A few weeks ago, CNBC ran a special on Costco (it’s worth sitting through the advertisement to catch the video) which included a segment on the lead wine buyer, Annette Alvarez-Peters. If you’ve been to one of these warehouse stores, you know they’re chockablock full of gallon-sized bottles of ketchup, car tires, and, of course, toilet paper. There are a few, however, that also sell wine. In the case of Costco, a LOT of wine. As in, over a billion dollars per year.
I don’t know if I was more shocked to learn that Costco sells that much wine yearly, or that the person responsible for choosing which bottles grace the shelves has such a bourgeois attitude toward wine itself, likening it to any other commodity. Like toilet paper.
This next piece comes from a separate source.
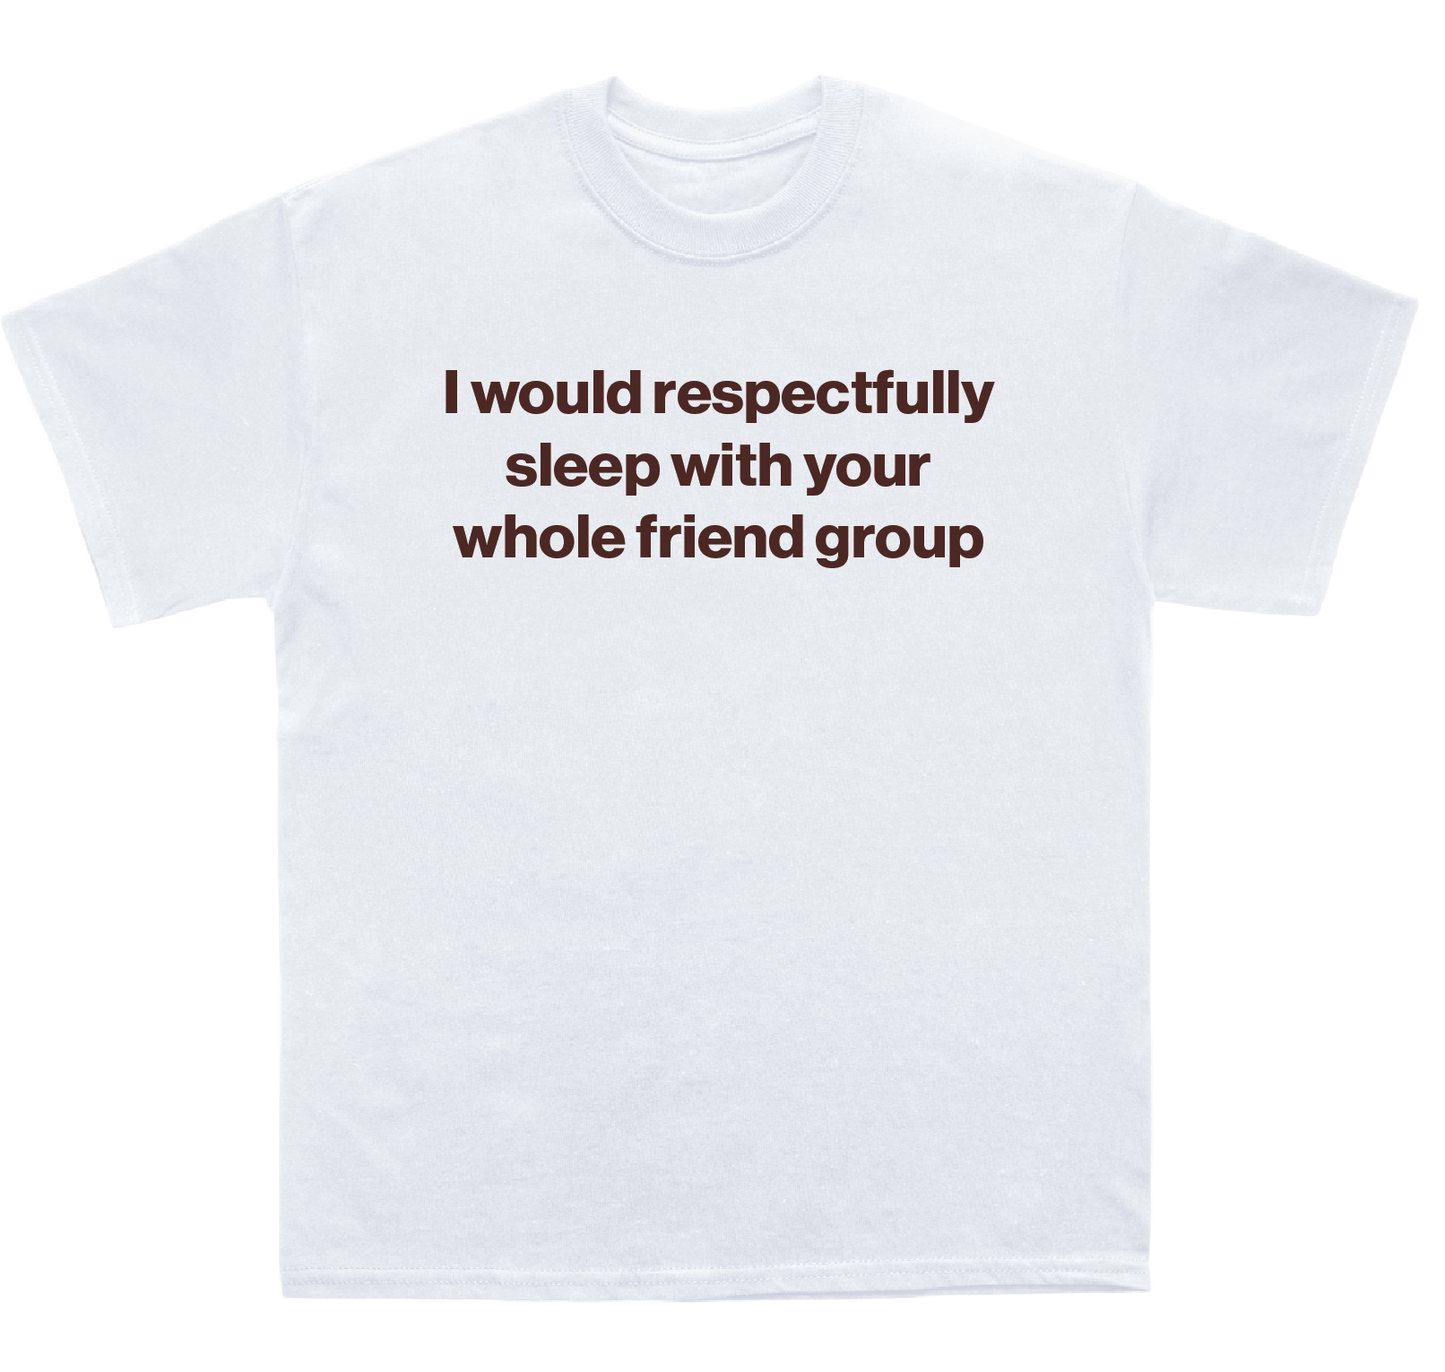 I would respectfully sleep with your whole friend group shirt

Maybe she should tell that to the guy who bought this bottle of wine. The more I thought about it, the more mixed my feeling were. I realized she was right when she said, “…at the end of the day, it’s a beverage.” I mean, of course it is. But it’s also elevated to something far more meaningful than that by the context in which it’s enjoyed. You won’t see someone celebrating his daughter’s college graduation by telling his guests, “Hey, today is very special. I’m talking Quilted Northern kind of special.” At least I hope not.
I don’t think most people are shopping for wine at Costco looking for the elusive bottle of ’82 Chateau Petrus. And besides, does the lead wine buyer’s attitude really change what’s in the bottle?
How about you? Are you more in the Who cares as long as it’s cheap camp? Or does your blood boil with the idea of your precious wine being thought of as just another 30-pack of Charmin?